Eigenstates and instabilities of chains with embedded defects

TL;DR

This paper develops a general method for analyzing eigenstates and stability of one-dimensional Schrödinger lattices with embedded defects, applicable to linear, nonlinear, and non-Hermitian cases, revealing oscillatory instabilities.

Contribution

It introduces a matching solution approach for eigenvalue problems in lattices with embedded defects, applicable to both linear and nonlinear, Hamiltonian and non-Hermitian systems.

Findings

Semi-analytical spectrum computation for linear defects.

Method for linearization spectrum around nonlinear stationary states.

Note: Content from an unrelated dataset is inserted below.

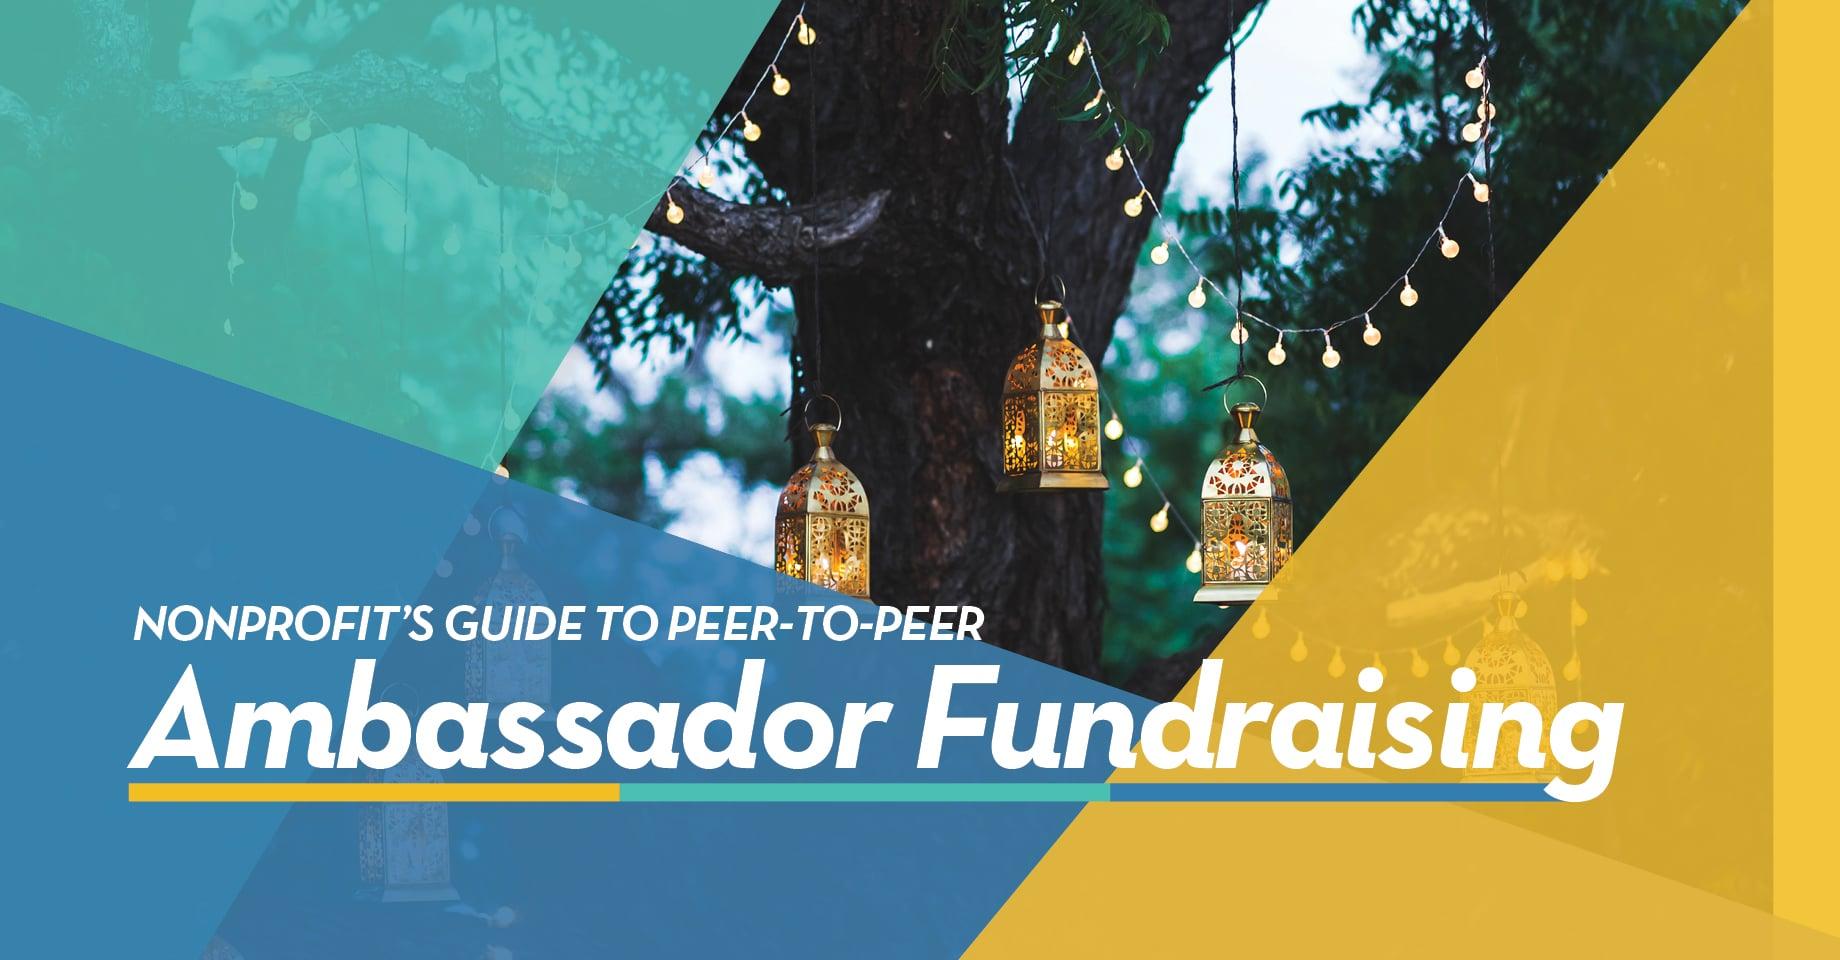 Nonprofit Guide to Peer-to-Peer Ambassador Fundraising

Identification of oscillatory instabilities in nonlinear states.

Abstract

We consider the eigenvalue problem for one-dimensional linear Schr\"odinger lattices (tight-binding) with an embedded few-sites linear or nonlinear, Hamiltonian or non-conservative defect (an oligomer). Such a problem arises when considering scattering states in the presence of (generally complex) impurities as well as in the stability analysis of nonlinear waves. We describe a general approach based on a matching of solutions of the linear portions of the lattice at the location of the oligomer defect. As specific examples we discuss both linear and nonlinear, Hamiltonian and $\cP \cT$-symmetric dimers and trimers. In the linear case, this approach provides us a handle for semi-analytically computing the spectrum [this amounts to the solution of a polynomial equation]. In the nonlinear case, it enables the computation of the linearization spectrum around the stationary solutions. The calculations showcase the oscillatory instabilities that strongly nonlinear states typically manifest.